HSP can develop after infections with streptococci (Group A, β-haemolytic), hepatitis B, herpes simplex virus, parvovirus B19, Coxsackievirus, adenovirus and Helicobacter pylori. Certain medications have been reported to cause HSP as an idiosyncratic reaction.

In the 1990s, it was discovered that an abnormality of the IgA₁ may be the causative factor of this disease. IgA₁ and IgD differ from the other classes of antibody through an 18 amino acid-long hinge region between complement-fixating region 1 and 2. Of the amino acids, half is proline, while the other ones are mainly serine and threonine. The majority of the serines and the threonines have elaborate sugar chains, connected through oxygen atoms (O-glycosylation). This process is thought to stabilise the IgA molecule and make it less prone to proteolysis. The first sugar is always N-acetyl-galactosamine (GalNAc), followed by other galactoses and sialic acid.
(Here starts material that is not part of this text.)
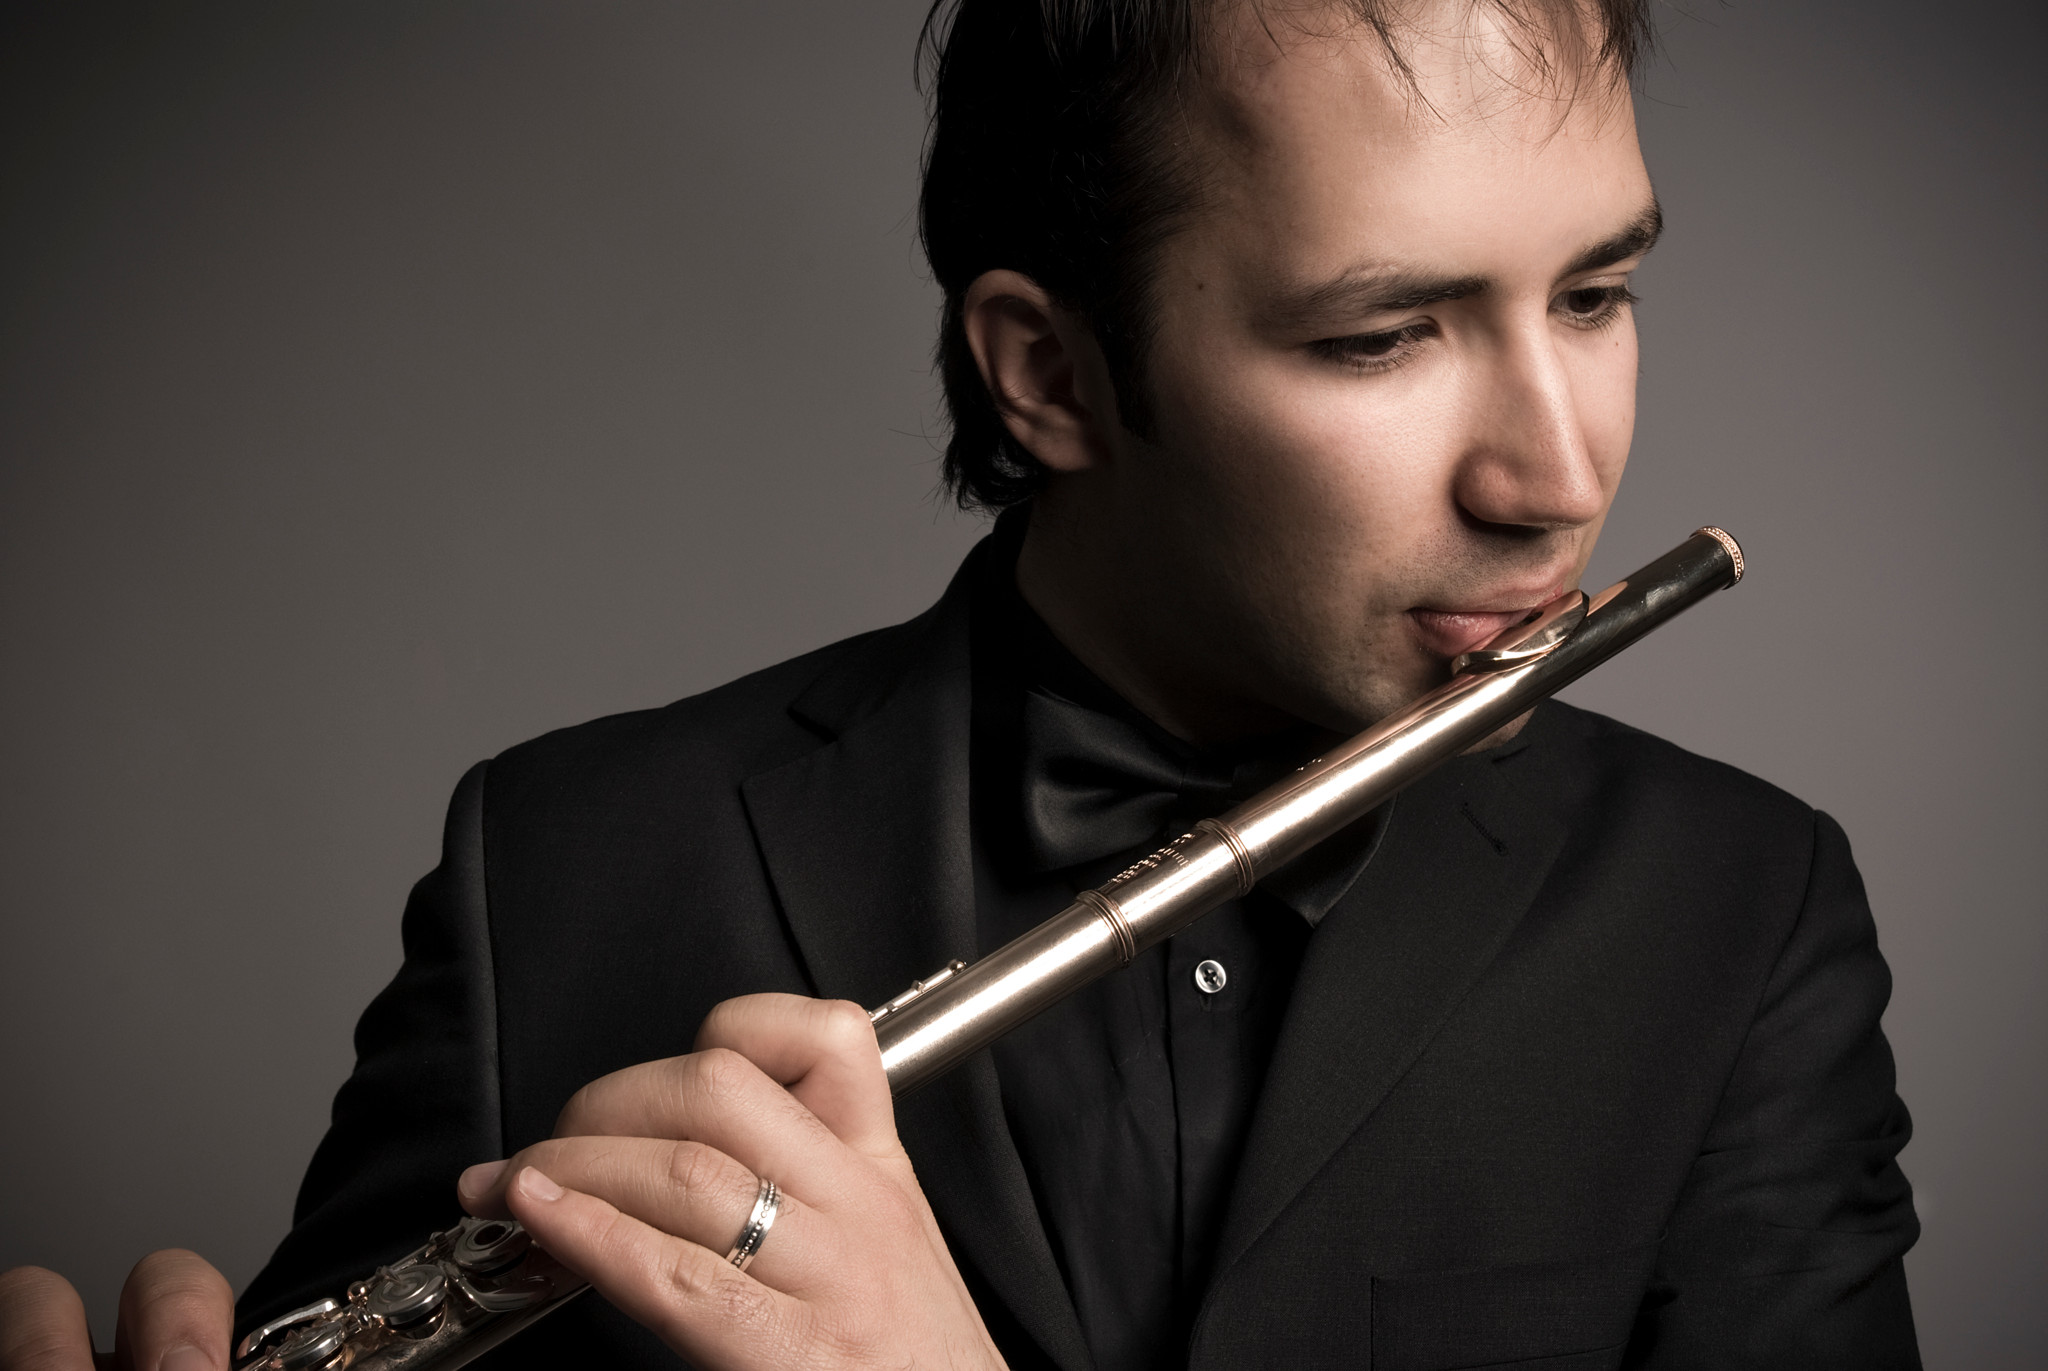 Der armenische Organist spielt diesmal Flöte

In HSP and IgA nephritis, it appears that these sugar chains are deficient. The cause for this abnormalty is thought to be viral neuraminidase, which removes sialic acid. This abnormality leads to polymerisation of IgA₁, mainly in the renal mesangium. While the local mechanism that leads to the vasculitis is not completely understood, recent findings seem to confirm this theory.

[edit] History

The disease carries the name of Eduard Heinrich Henoch (1820-1910), a German pediatrician, and his teacher Johann Lukas Schönlein (1793-1864), who described it in the 1860s.

The English physician William Heberden (1710-1801) and the dermatologist Robert Willan (1757-1812) had already described the disease in 1802 and 1808, respectively, but the name Heberden-Willan disease has fallen in disuse. William Osler would be the first to see HSP as a form of allergy.